Someone else appeared out of the shadows, cleaning a glass with a dirty rag.

“You look a little lost,” he said to us.

I expected Jamie to speak first, but Stella surprised me. She offered up our fake sob story to the men, told them about being abandoned on a camping trip, blah blah, and then said we needed a ride. I was incredibly impressed. Jamie looked like he was ready to wet himself.

“Where’re you headed?” asked Cowboy.

“Miami,” Stella offered.

“You’re heading north. I’m heading south.” He crossed his arms in opposite directions, as if we needed him to explain what that meant. The other men were silent.

Jamie nodded just once and cleared his throat. “Well. Thank you anyway, gentlemen. For your time.”

Dejected, we left the gas station or bar or serial killer meet-up, whatever it was, and headed back outside. It was nearly night now. Insects buzzed around us, and on us. The air was loud with their noise as we walked down the road.

And then we heard something else—a truck spitting gravel and groaning as it left the station. It pulled up beside us.

“I felt bad for ya,” Cowboy said. “Come on. Hop in.”

 

My legs ached with relief as I sat in the front of the cab. Jamie had discreetly shaken his head when he’d been offered shotgun, and Stella had already climbed into the back.

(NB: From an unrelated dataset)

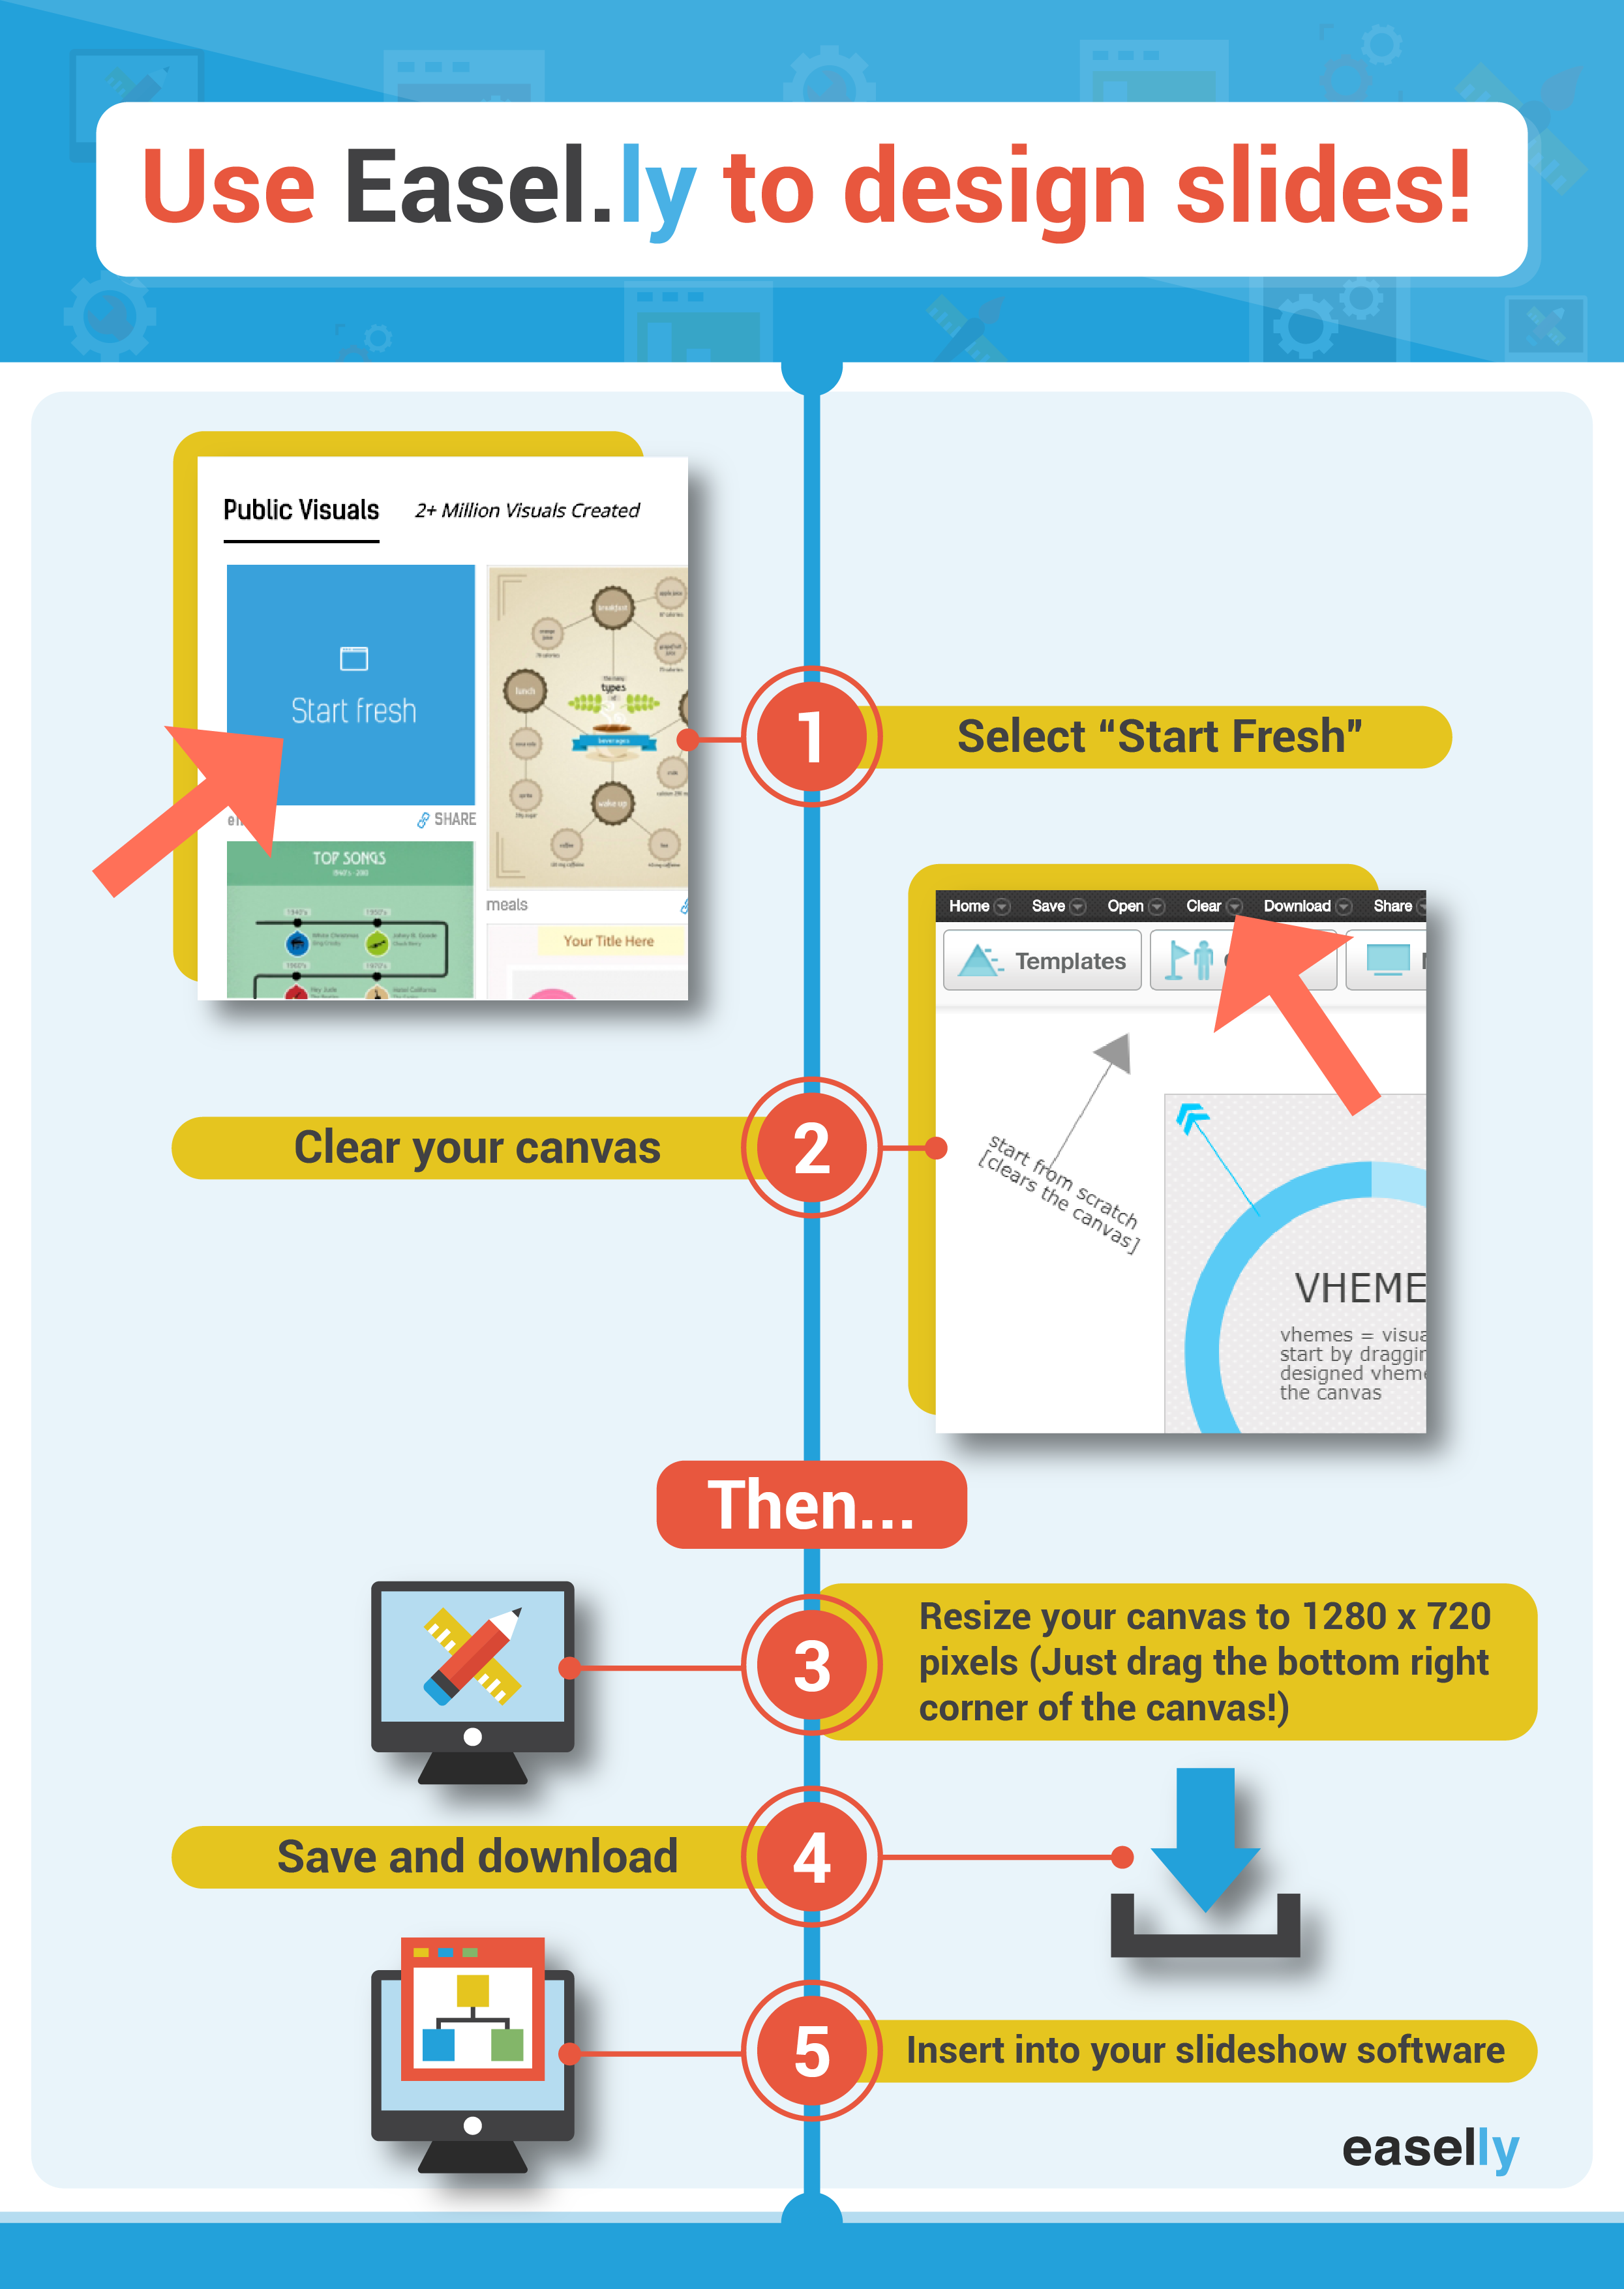 Make Slides Easelly Simple Infographic Maker Tool By Easelly 0176

The cowboy was doing us a favor, and a long one, so I decided to make conversation, be polite. “So where are you from?” His name, we had learned, was Mr. Ernst.

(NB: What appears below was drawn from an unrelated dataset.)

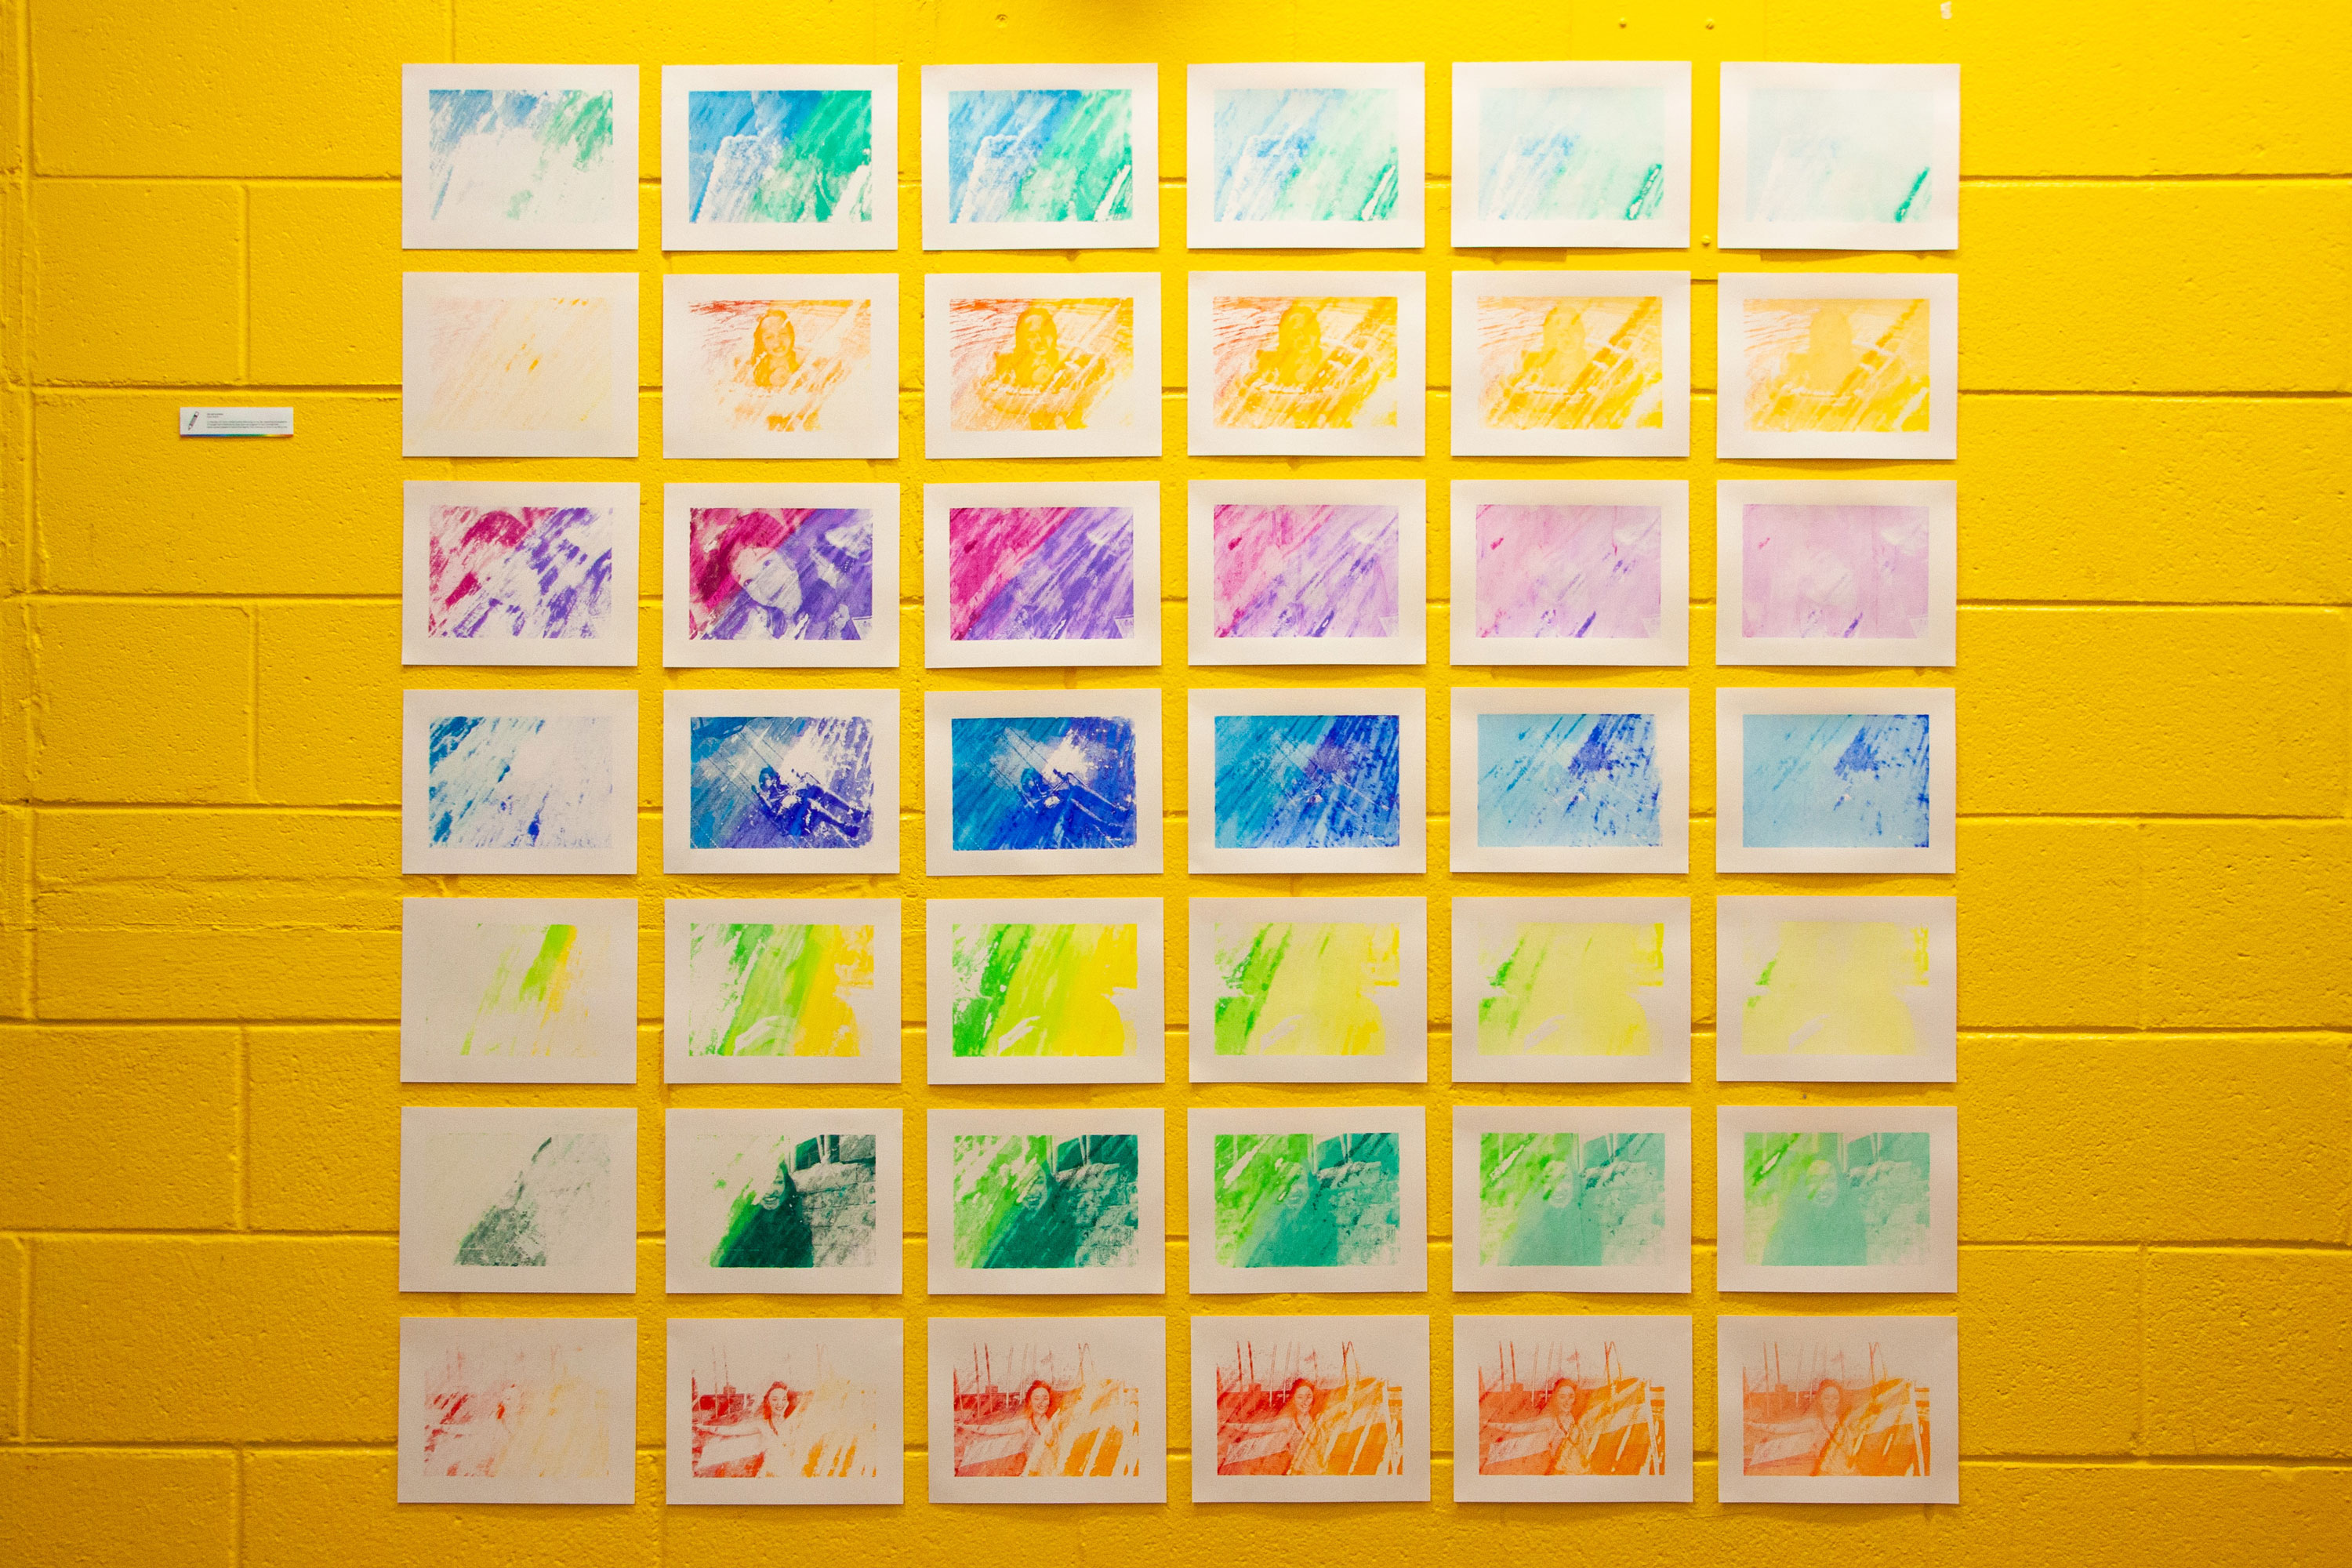 An installation of 42 colorful monoprints, organized into a grid of 6 columns and 7 rows. Down each column are prints of various photographs in multi-colored gradients, arranged in chronological order. Across each row is a series of ghost prints created from the prints on the left. The prints are installed on a yellow wall with a small label next to the grid.

“Born and raised in Canton, Ohio. You three?”

“New York,” Jamie and Stella and I said all at once, sticking to our script. Not suspicious at all.

“And your friends just abandoned you like that?” he said, shaking his head with disbelief.

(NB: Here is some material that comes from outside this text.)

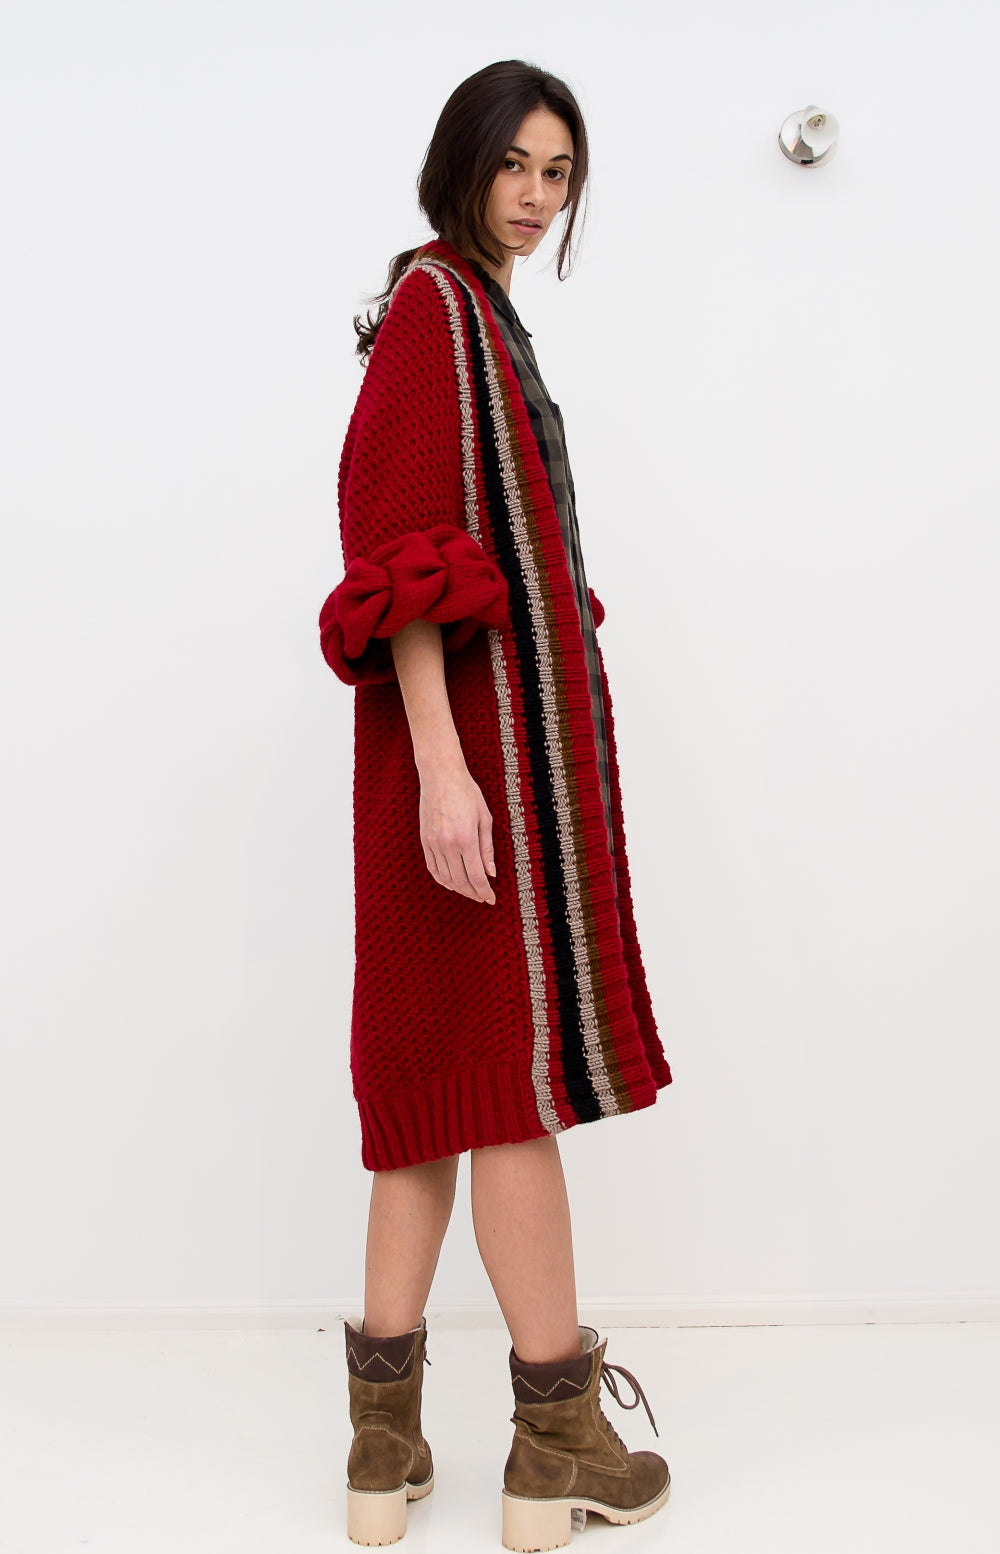 Knitted red cardigan by Loom

Stella changed the subject. “So, what brings you to the Keys?”

“Oh, just driving the old girl here,” he said, patting the dashboard with a toothy grin. “Just me and her and the road.”

But as he leaned forward, I caught a glimpse of a gun in a holster on his hip. I stiffened.

Jamie had seen it too. He pretended to be interested in it, and asked Mr. Ernst about it, who happily obliged with the make and model and whatever it is people talk about when they talk about guns. I wasn’t really listening. I felt wrong, off, and the feeling made me nervous.

“Never know who you might meet on the road,” Mr. Ernst said. “Gotta be careful. God bless the Second Amendment.” He patted the holster and winked at me.

The road stretched on into infinity, and we didn’t see a single pair of headlights pass in our direction. Suddenly, after who knew how long, I felt the truck slow down.

Stella did too. She wiped her red-rimmed eyes. Jamie kept running his hand over his scalp. They were worried too.

“Where are we?” Stella asked chirpily.

“Mmm, pretty deep in the Keys,” he said evasively. “Still got a couple of hours ahead of us till we reach Miami.” We passed a sign that announced a rest stop in a quarter mile. “It’ll be a while till we hit another bathroom,” Mr. Ernst said. “Nothing around here for miles, so I thought we’d all stop and take a leak.”

Jamie exhaled just a little too loudly. I glared at him.

“I should go,” Stella said.

“Me too,” Jamie admitted.

“Do you have a map?” I asked Mr. Ernst.

He raised his eyebrows. “Girly, I’ve been driving since before you were even a twinkle in your mother’s eye. The only map I need is up here,” he said, pointing to his temple.

“Right,” Stella said, looking back at the road. But we could all feel it: Something was wrong.